Problem – Beginning with the line that contains "国境を越えるとこんなに風景が", retype the entries below exactly, ending with the line that contains "世界读书日|股神巴菲特:我们为什么要读书和终生学习?". Leave out any pictures.

Records for the task –
-.-.-

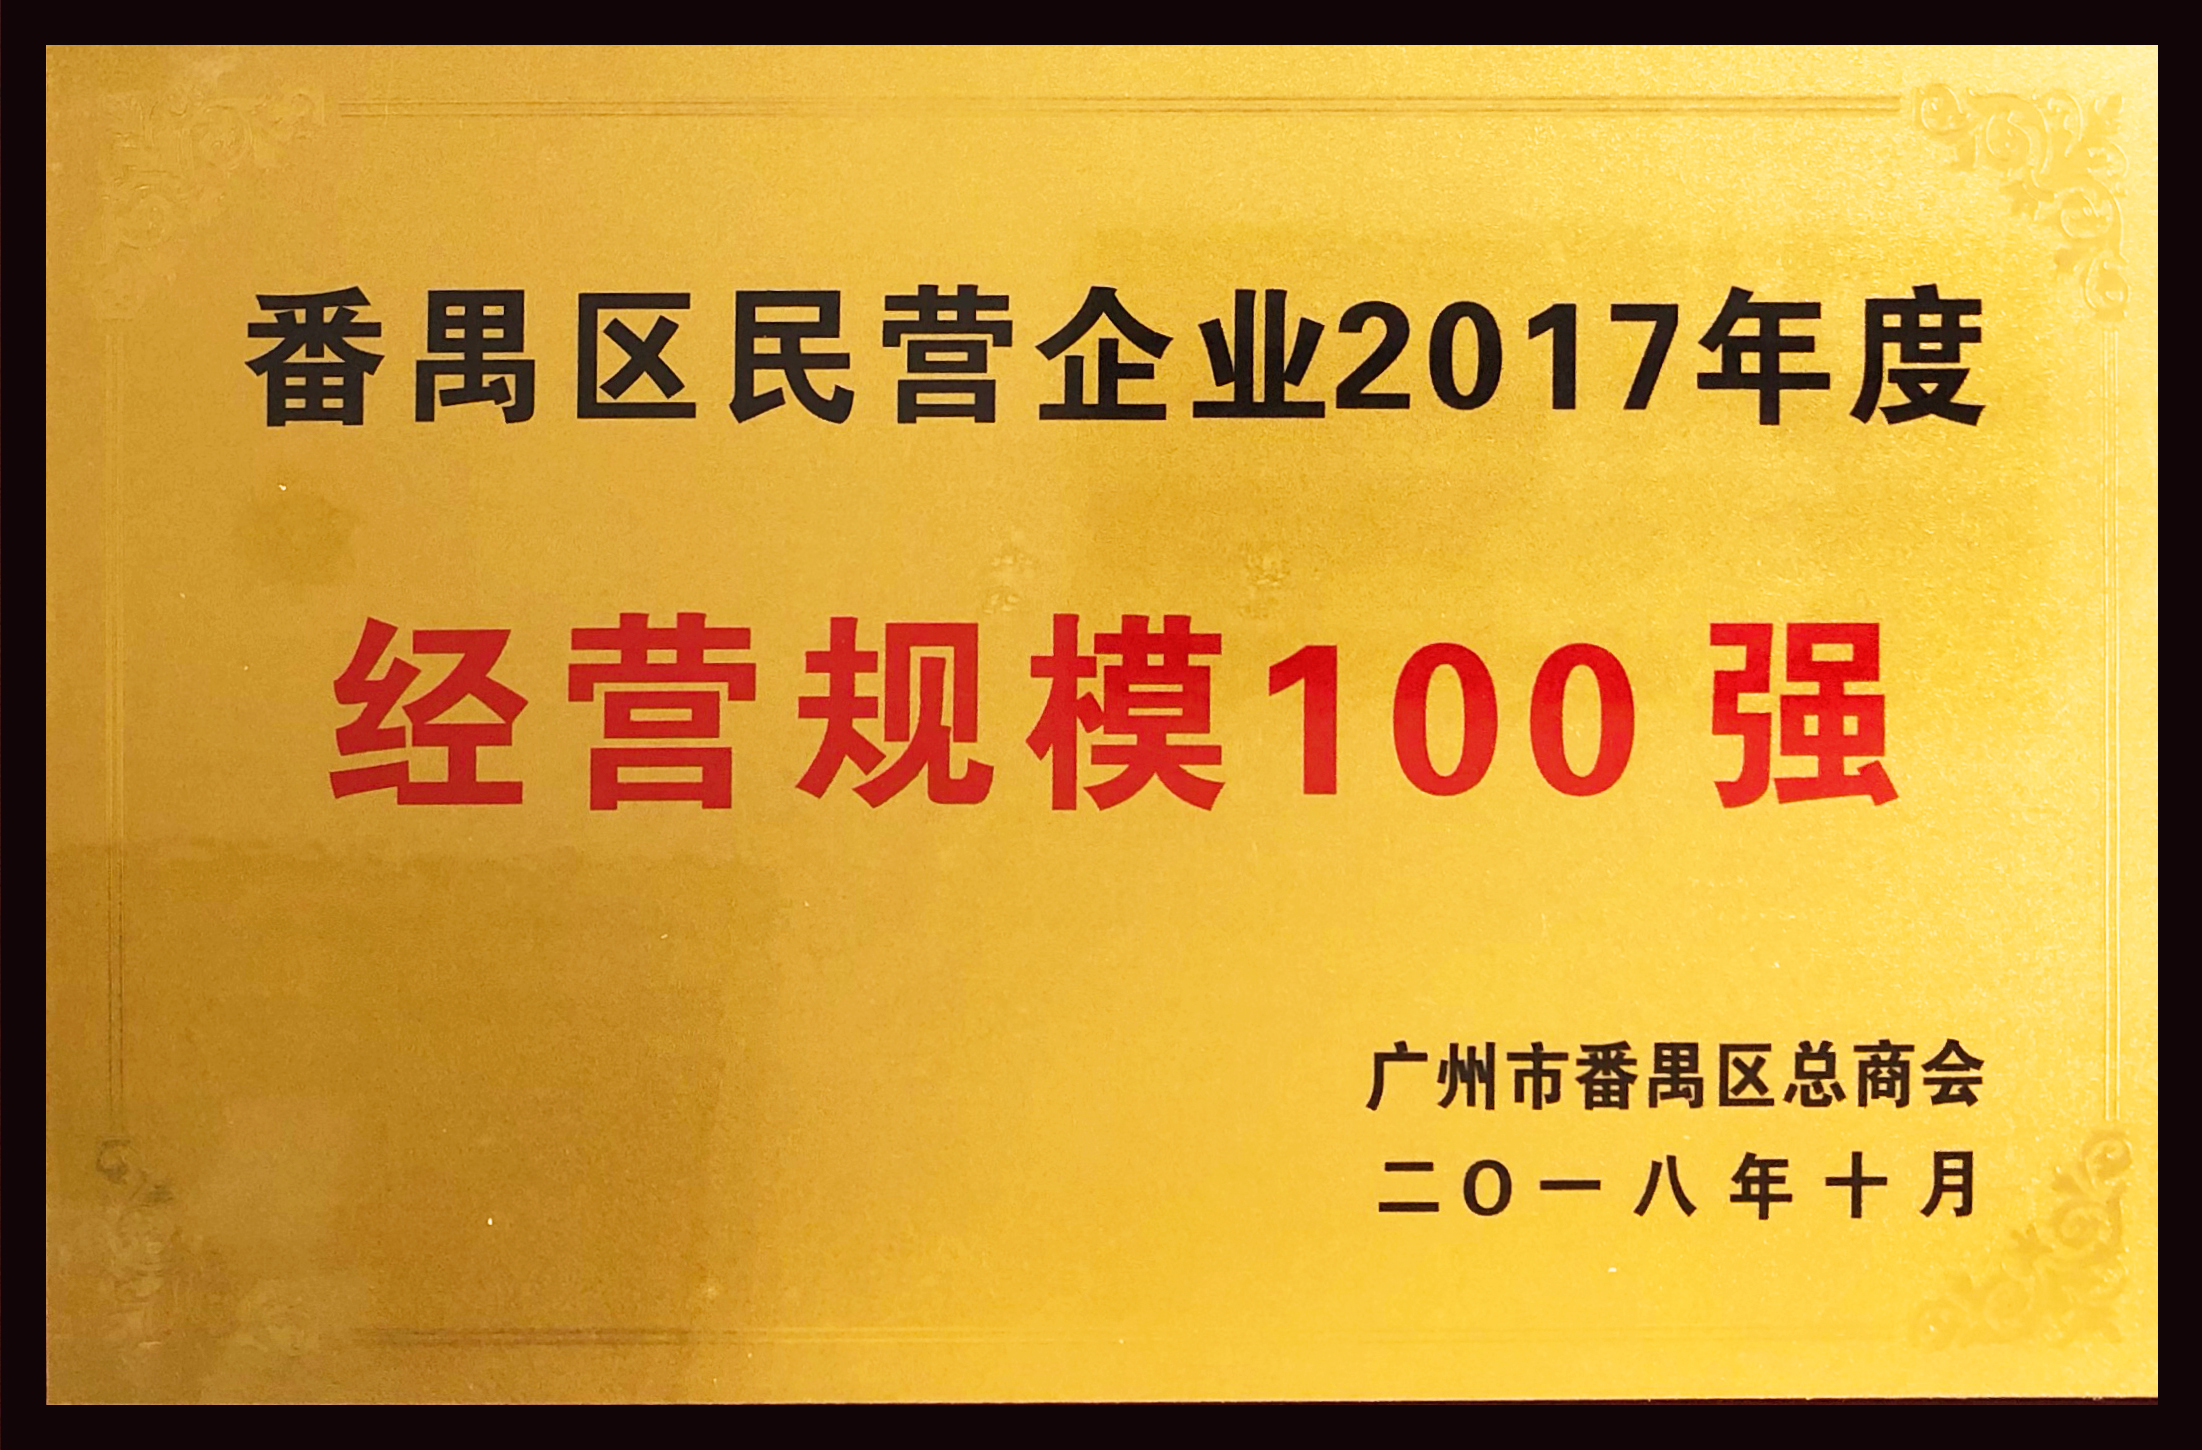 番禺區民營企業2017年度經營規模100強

-.-.-

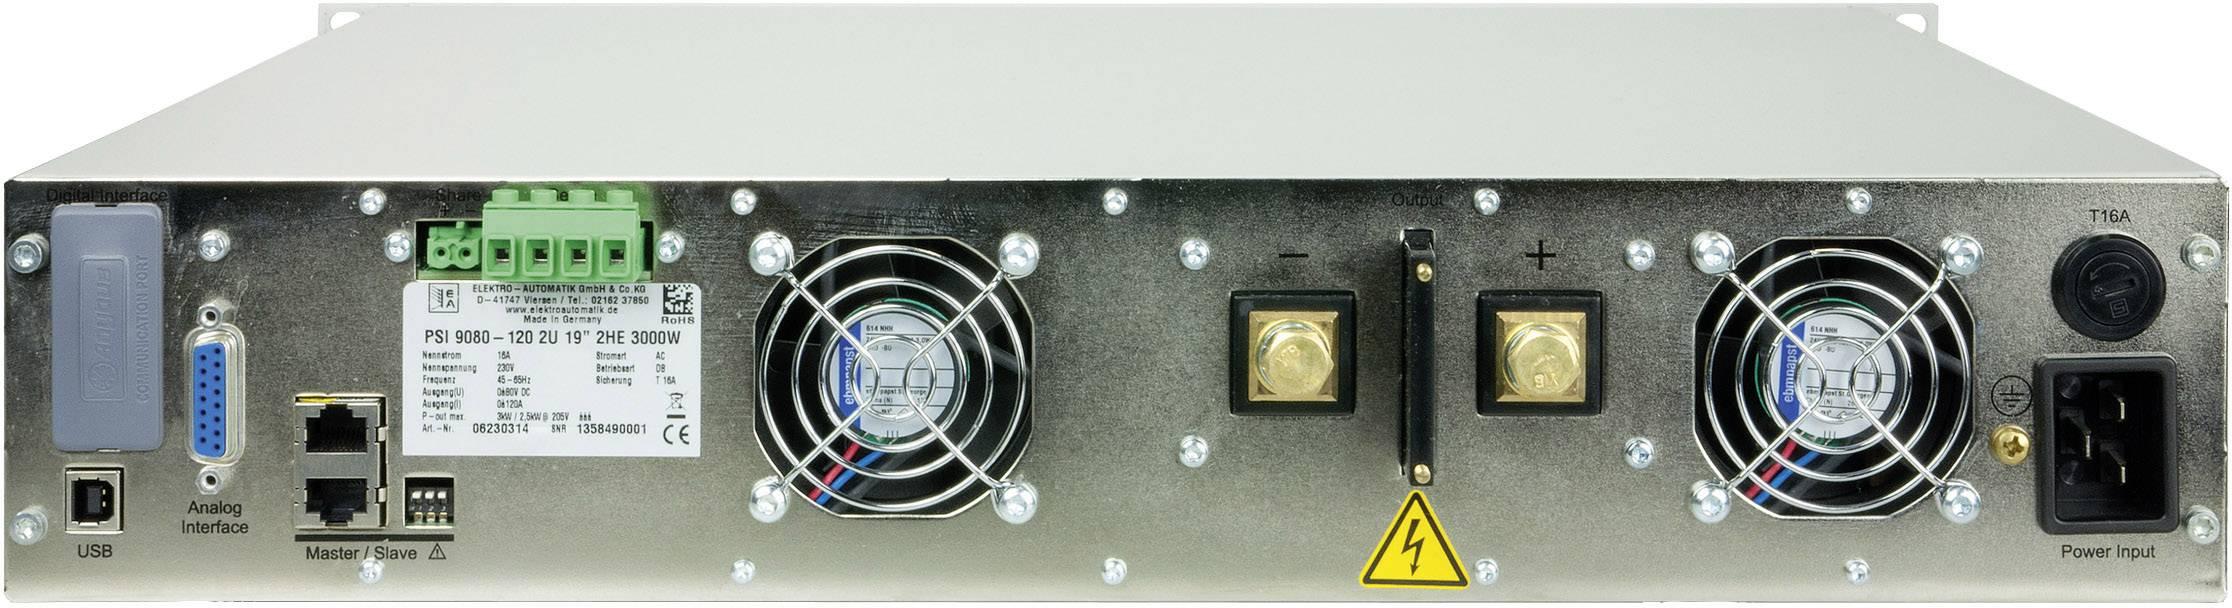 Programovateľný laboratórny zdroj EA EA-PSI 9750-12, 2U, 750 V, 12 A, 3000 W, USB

-.-.-

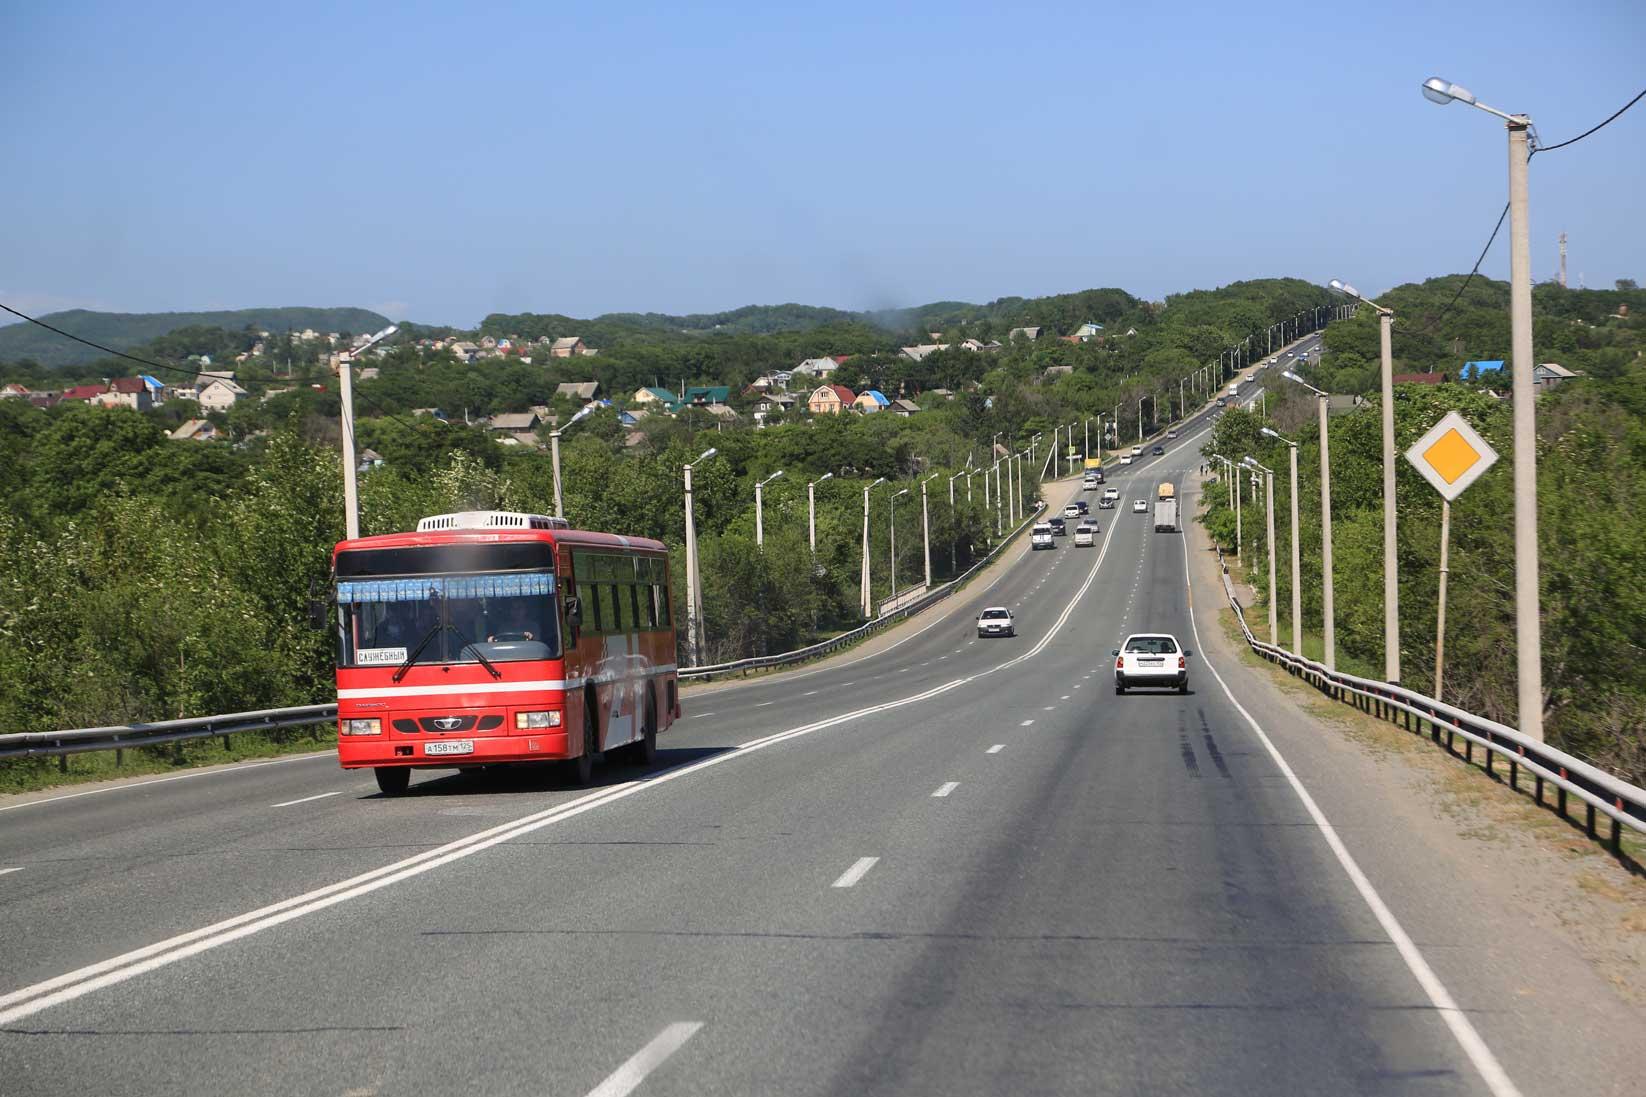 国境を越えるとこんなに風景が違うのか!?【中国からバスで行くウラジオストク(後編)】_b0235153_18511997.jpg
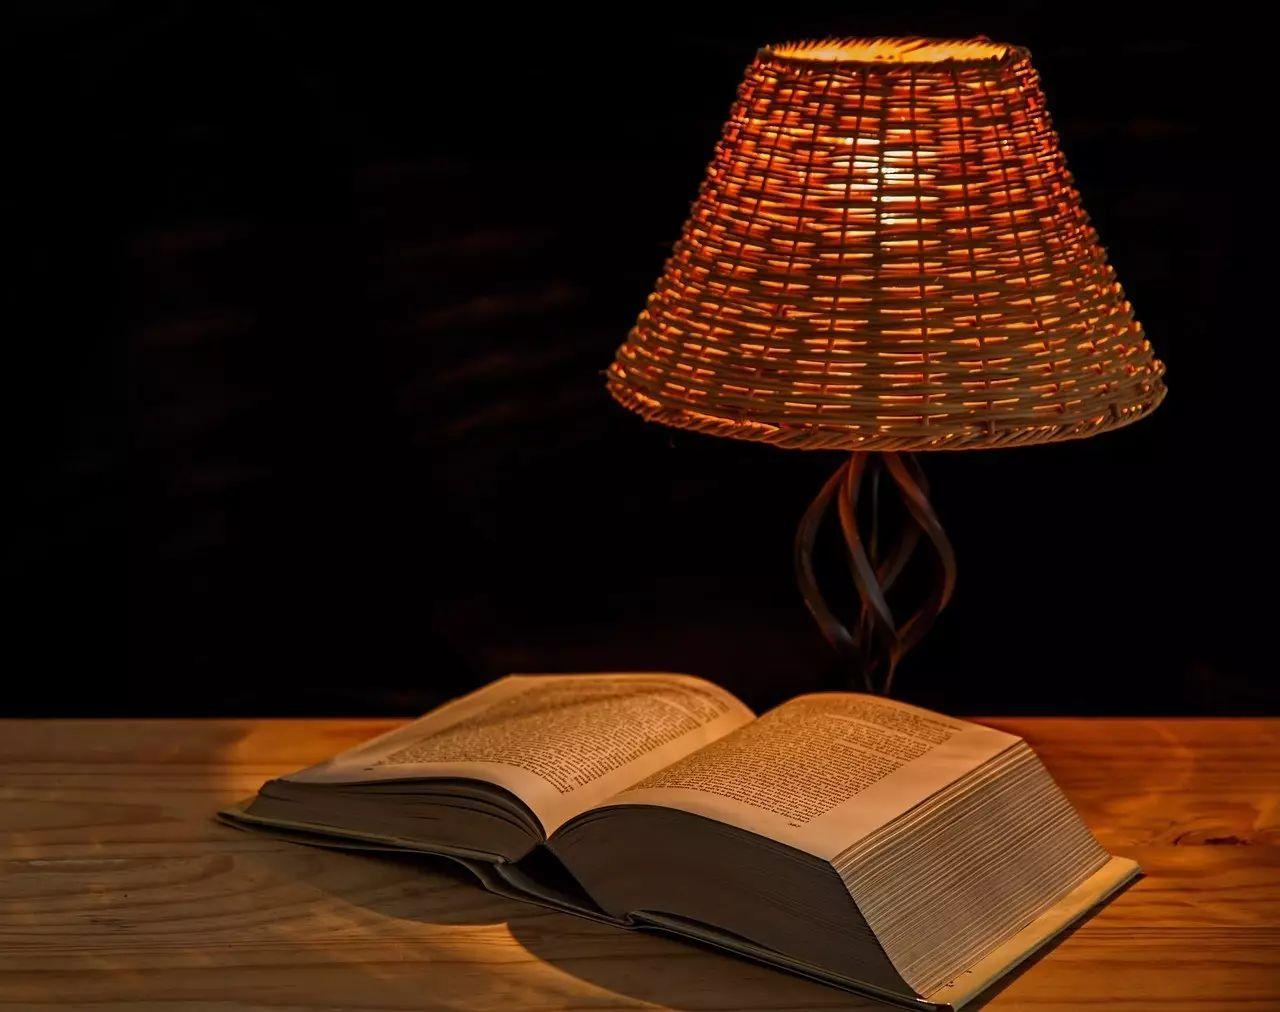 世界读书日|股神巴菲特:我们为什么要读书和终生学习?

-.-.-

Task result –
 国境を越えるとこんなに風景が違うのか!?【中国からバスで行くウラジオストク(後編)】_b0235153_18511997.jpg
 世界读书日|股神巴菲特:我们为什么要读书和终生学习?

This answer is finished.